The one with the dreams

This is when I'm finally going to admit that when I have a hard time falling asleep at night (which for me is about 5 minutes after turning the light out...if it's not instantaneous, then I get all irritated and irrational), I do this thing where I start writing a blog post in my head.  Sometimes that helps me fall asleep.  Let's all just chew on that for a hot minute.  My "writing" puts me to sleep.  Well.

This is also when I'm going to talk about a couple of dreams that I keep coming back to this week.


I went through all of this with the boy the other night, and he then paused and said "You're really bothered by this."  I am.

You see, school shootings (yes, friends, there was another one after the one in Oregon already) bother me quite a bit.  The boy is in a school.  My daughters are in school settings.  I work in a couple of schools.  And, while this frequently occurring spate of school violence is not relative to just this very moment, I've also never dreamed about it before.  I personally feel as if the pendulum of extreme violence in schools shifting to the collegiate landscape.

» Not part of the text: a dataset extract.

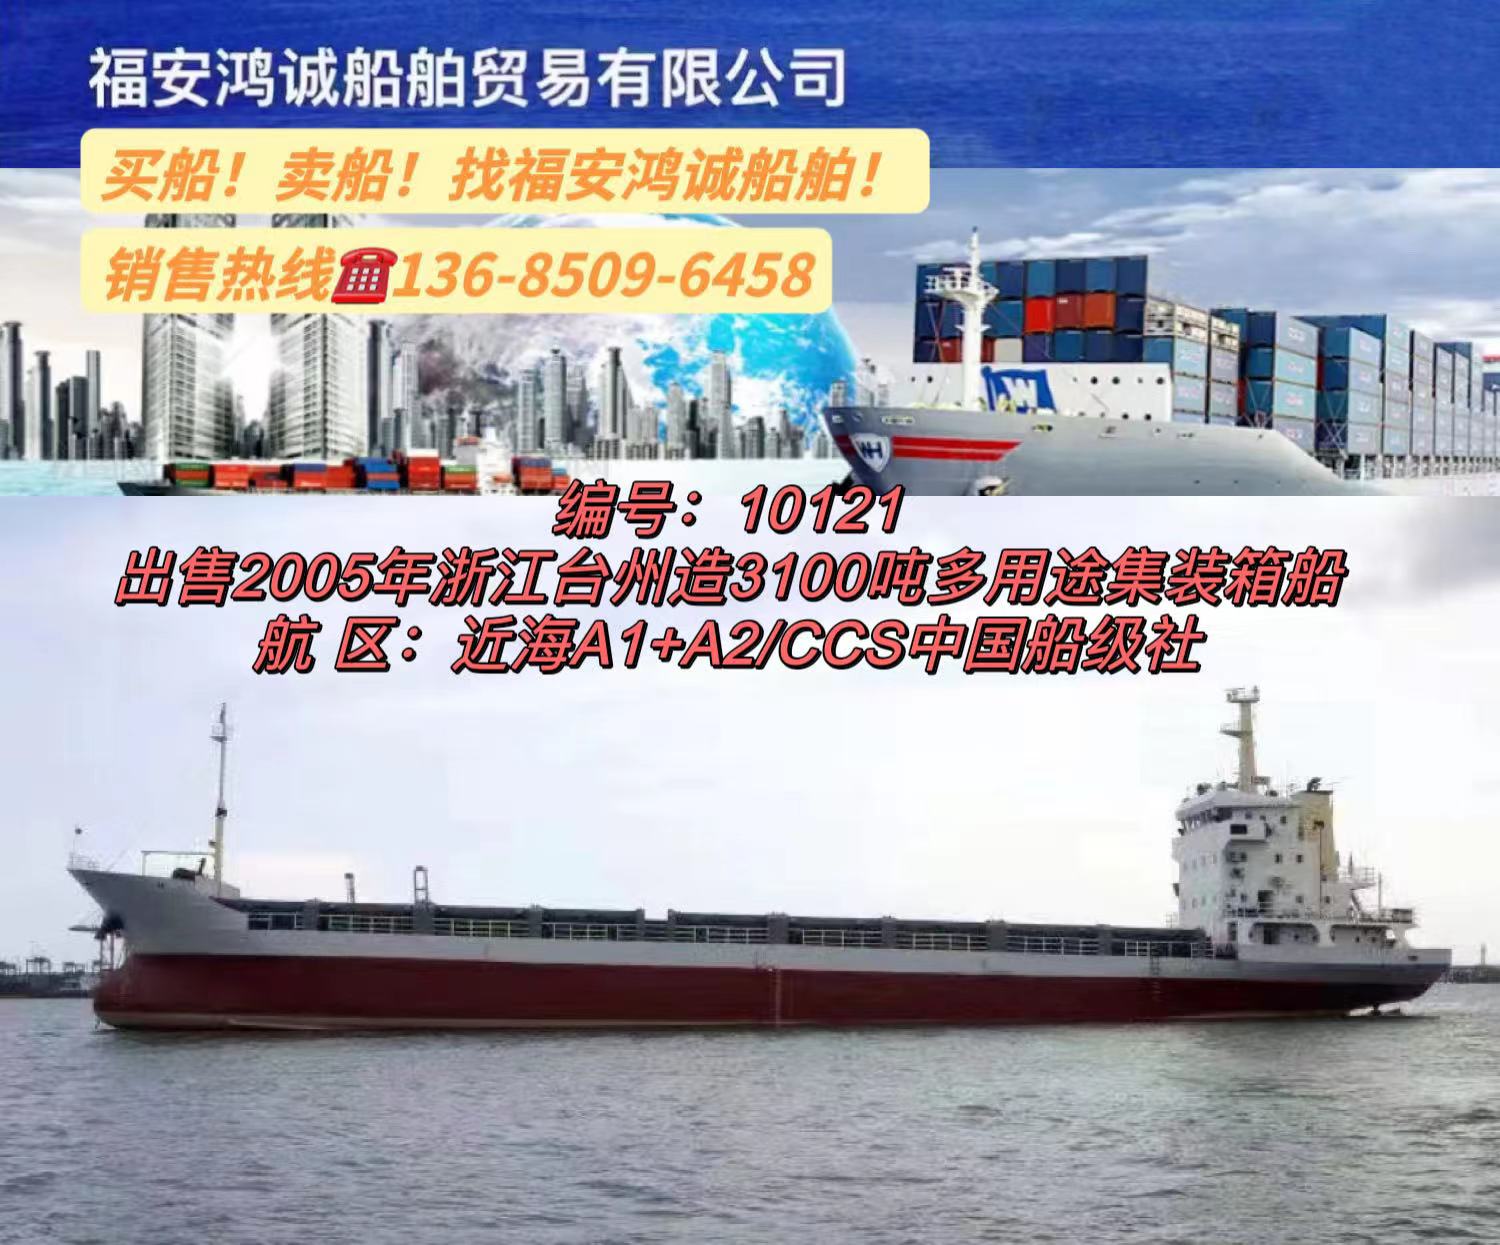 出售3100吨多用途集装箱船 2005年浙江台州建造/

The random classroom where the Oregon violence began was a college writing class.  The first person shot was a college instructor.  It was at a community college.  Check...check...check. 

In my dream, I was back in a high school setting, but not in any school that I have taught in before, nor with anyone whom I knew.  The vivid aspect of the dream comes from the face-to-face encounter between those of us inside the school and the shooter, separated by a wall of glass.  I don't know why he didn't try to come inside.  I don't know why we were at that location in the school (and entrance/exit point).
I have never felt fearful that this situation would actually happen in any of our schools, but oh, my heart is increasingly heavy that this happens and often.  In any context.


The other night, the boy and I were chatting about a colleague/former colleague whose wife quit her job due to mounting frustration.  The colleague then found himself awake somewhere in the realm of 4 a.m. and happened upon a temporary position, which he then applied for on behalf of his wife.  She was hired within a day or two and is much happier for her new situation.

My stars.  Sometimes, you have faith that is seemingly validated immediately.  Sometimes, your faith seems to be nothing more than spitting in the wind.

That night, I dreamed that my spitting turned into validation.  And it felt SO good in that fuzzy half-dream/half-wakefulness. 

And then it was nothing, no more concrete than finding myself caged with a dozen students.  There has been some melancholy hangover associated with both of these dreamscapes, but that (mercifully) is all.      

I don't know how to finish this thought process, really.  It's not a finished and done kind of a thing, no more than a scab indicates that a cut is fully healed.  So, I'll just end with this: I so very much hope that you feel your purpose and are living it out, come what may.  And if you need to act on faith, I hope that you have a hand to hold, too.  That helps immensely, it turns out.